§ **What is required**:
In the records below, find the line with "tips to help" and repeat it and every line after it, exactly, without any pictures.

____

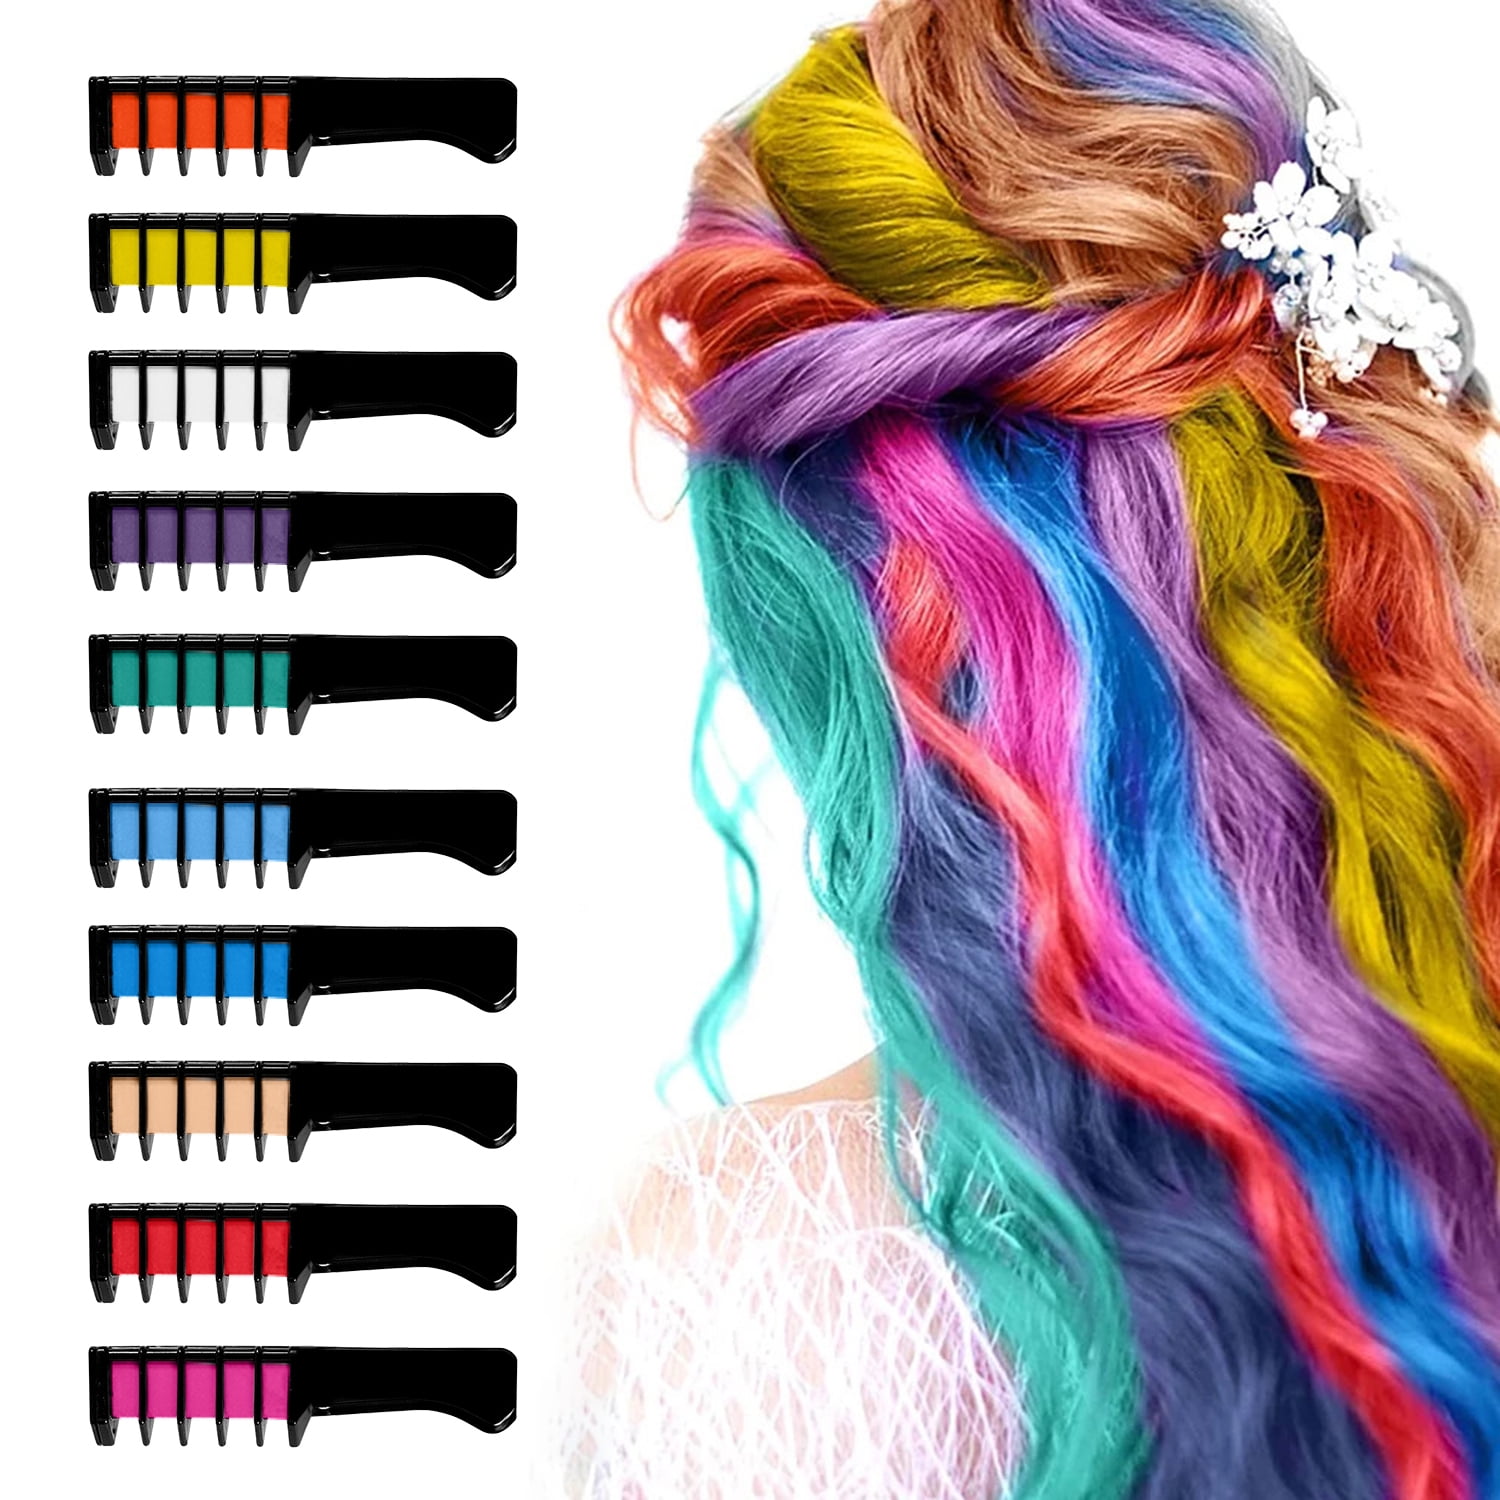 12 Colors Mini Temporary Hair Chalk Set Washable Hair Chalk Dye Non Toxic  Hair Color For Kids Age 4 5 6 7 8 9 10 11 Birthday Christmas Gifts
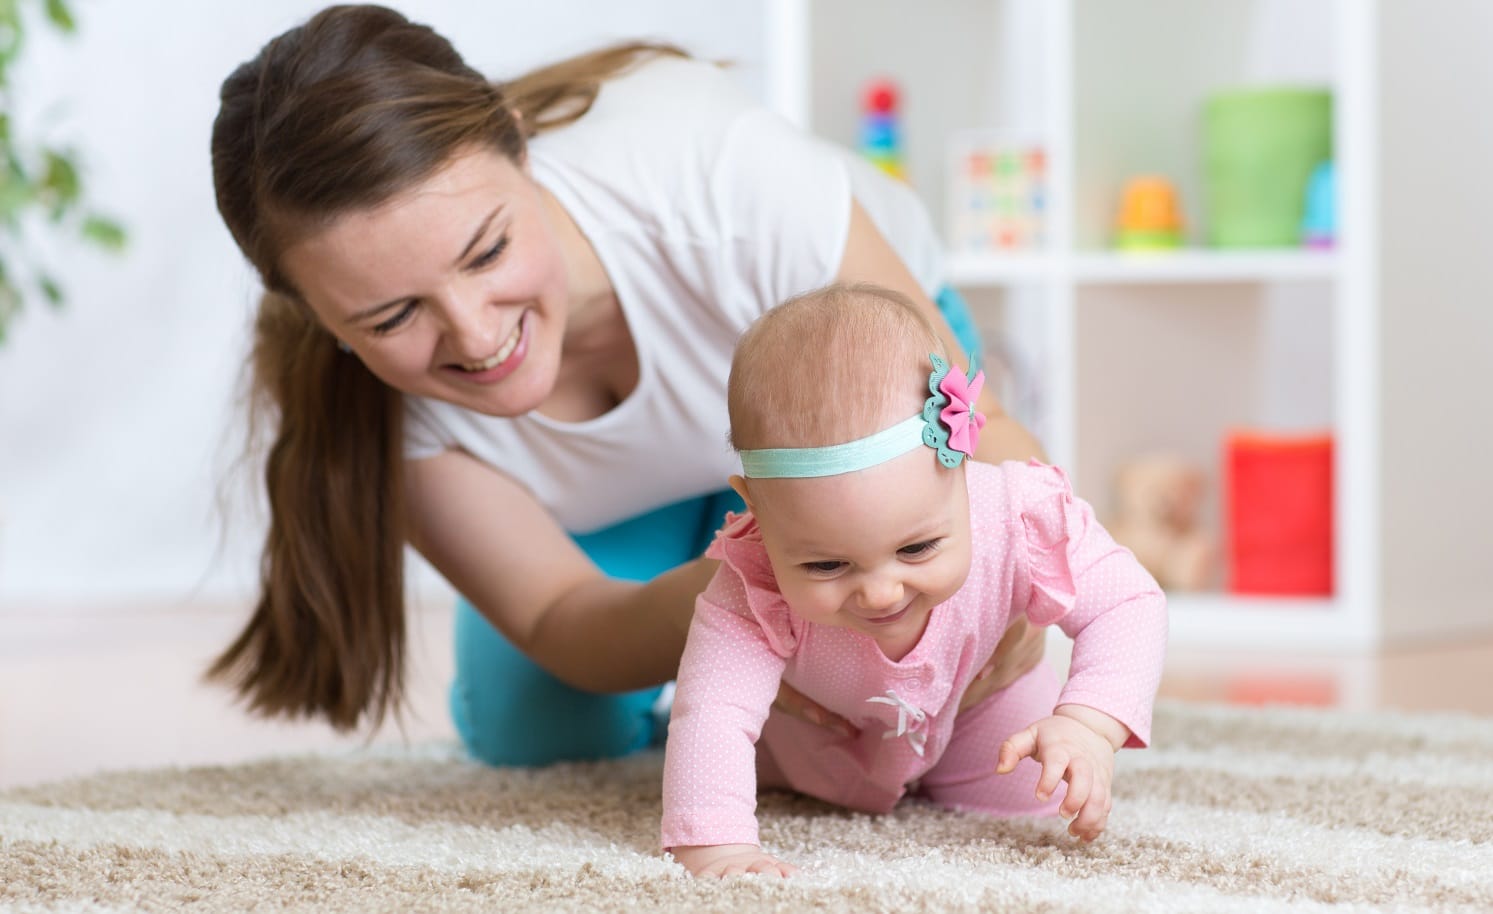 tips to help your baby crawl easily - How to Help Baby Crawl?
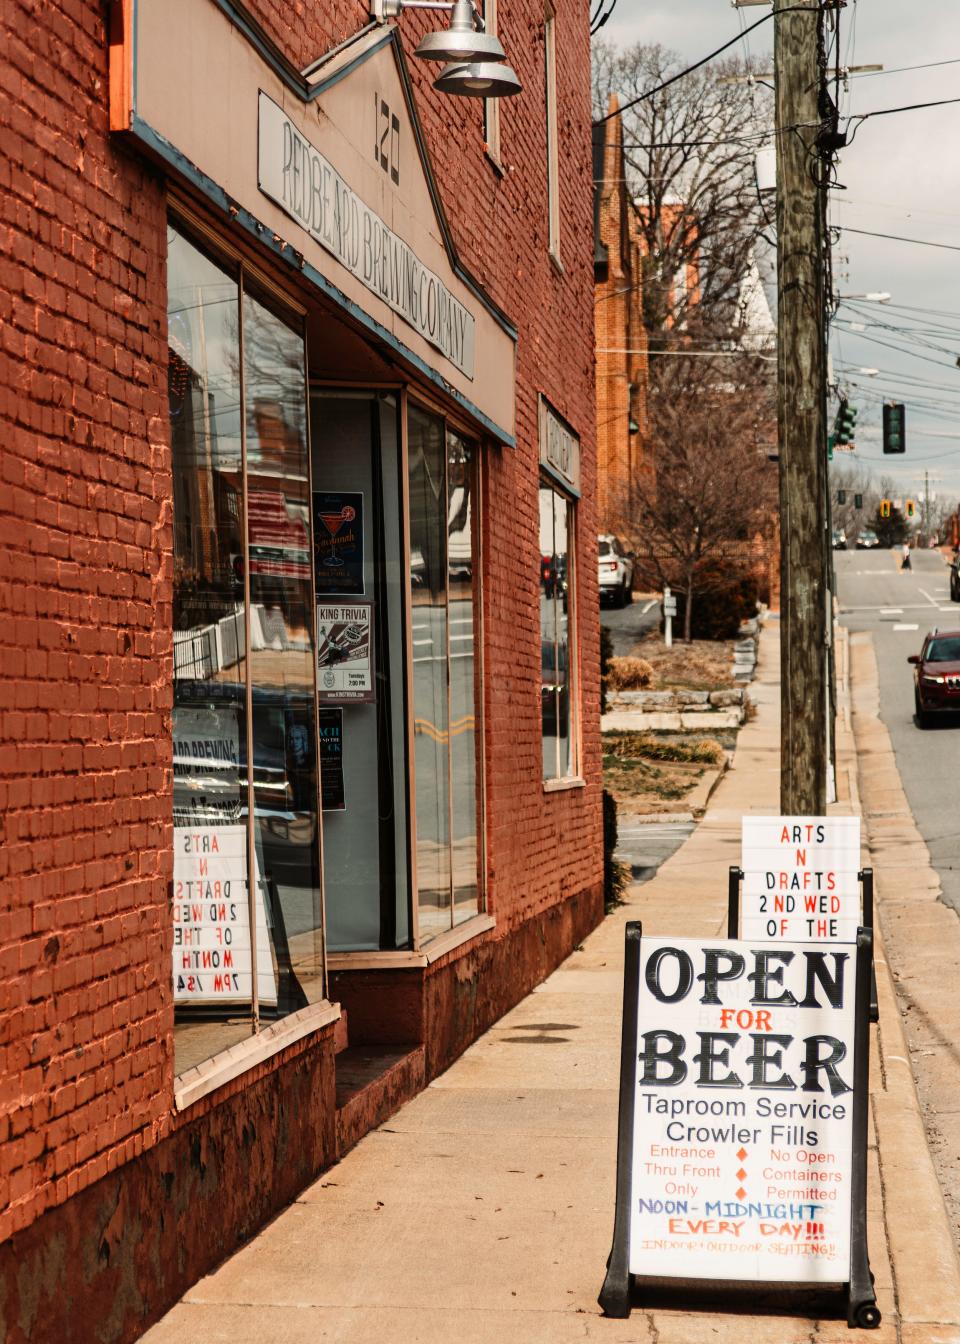 Redbeard Brewing Company is located at 120 S. Lewis St. in Staunton, Va.
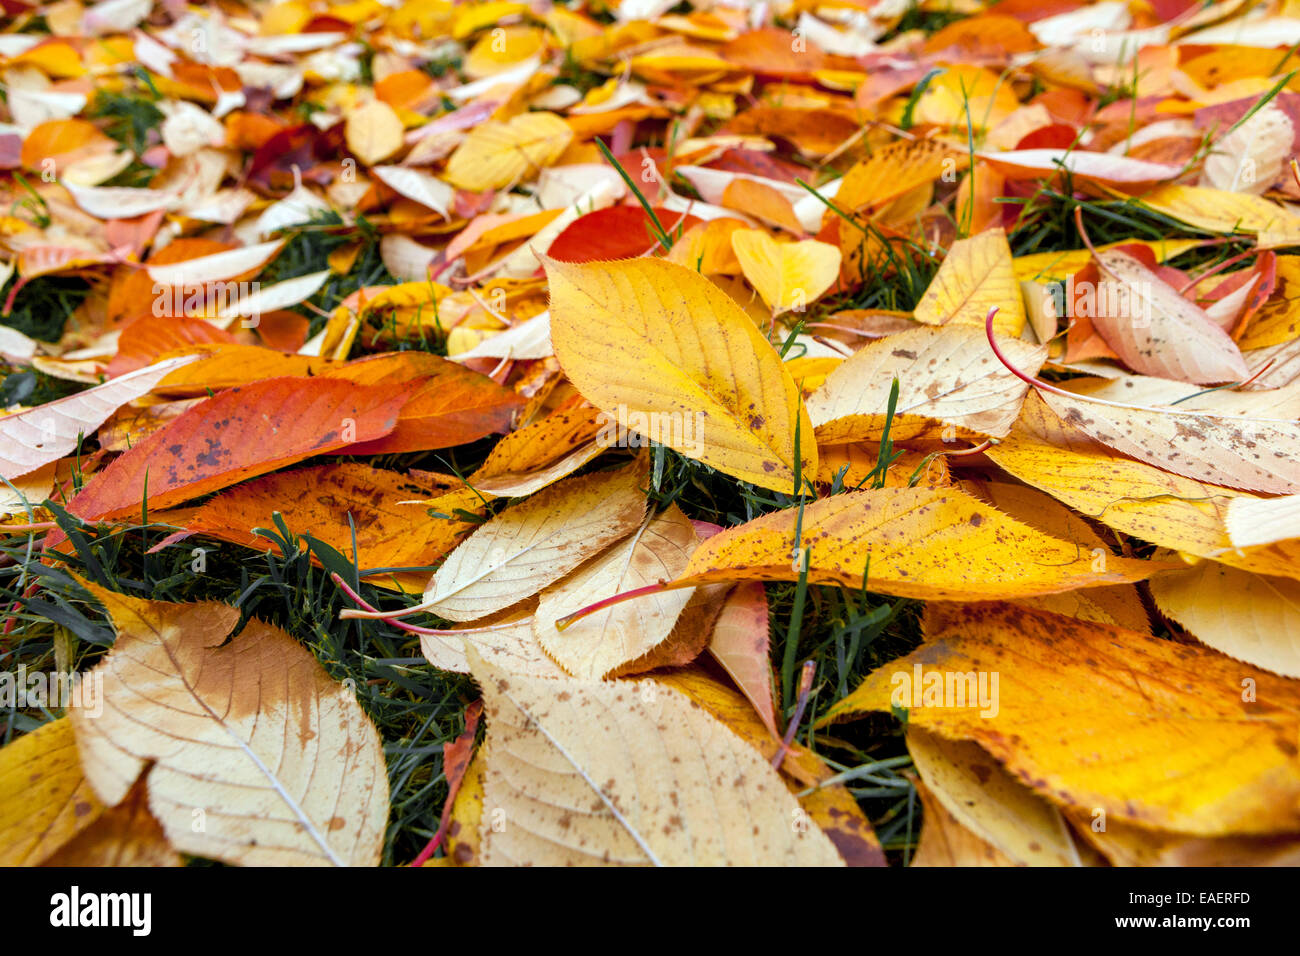 Fallen autumn Leaves on the ground lying on a grass Stock Photo
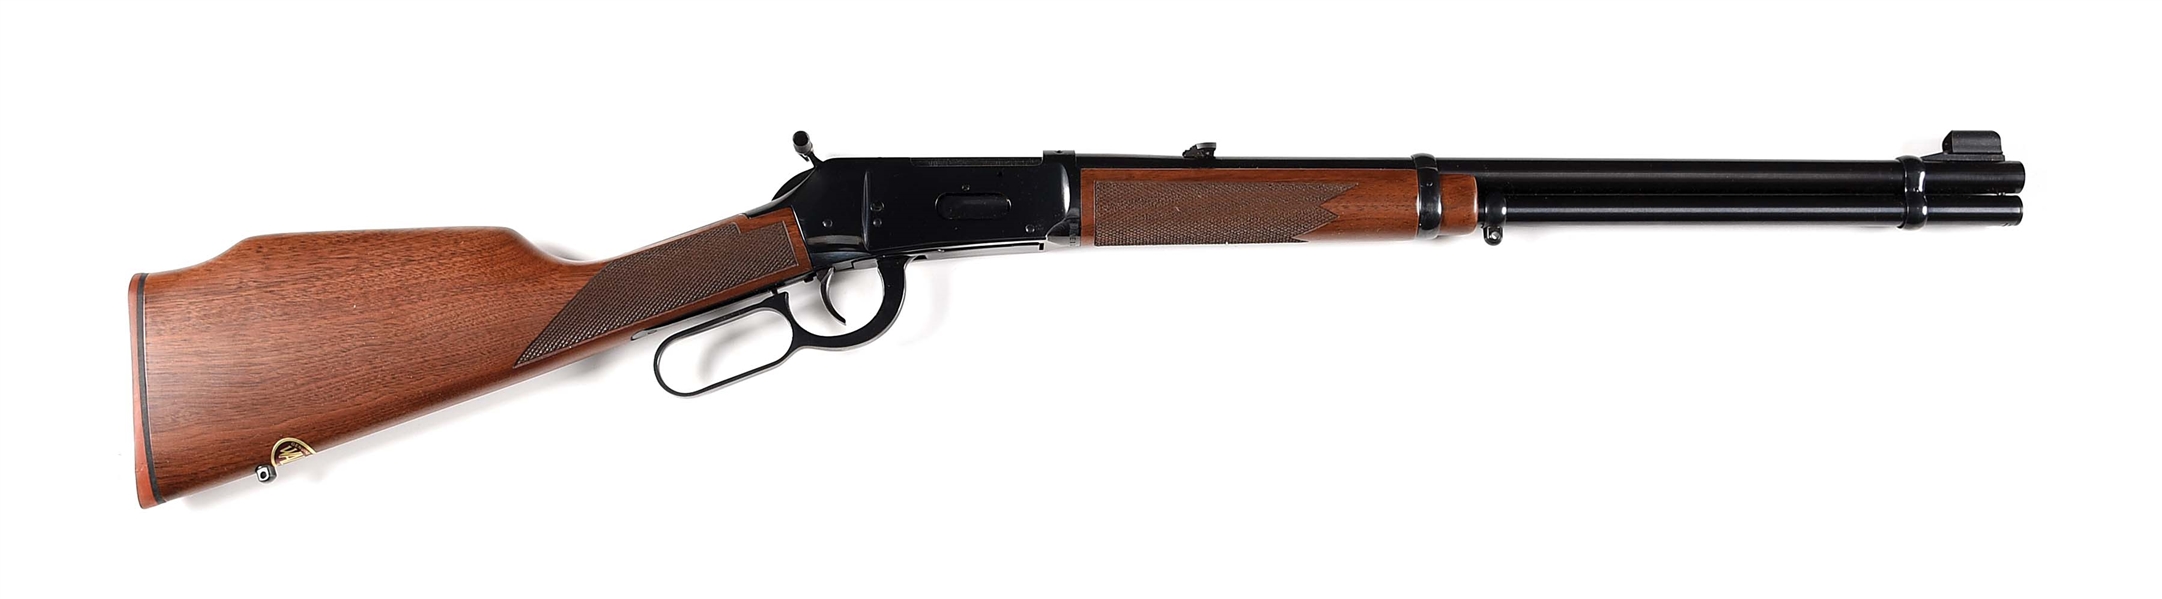 (M) WINCHESTER MODEL 1894 ANGLE EJECT BIG BORE LEVER ACTION RIFLE.

____

§ **Answer for this exercise**:
 tips to help your baby crawl easily - How to Help Baby Crawl?
 Redbeard Brewing Company is located at 120 S. Lewis St. in Staunton, Va.
 Fallen autumn Leaves on the ground lying on a grass Stock Photo
 (M) WINCHESTER MODEL 1894 ANGLE EJECT BIG BORE LEVER ACTION RIFLE.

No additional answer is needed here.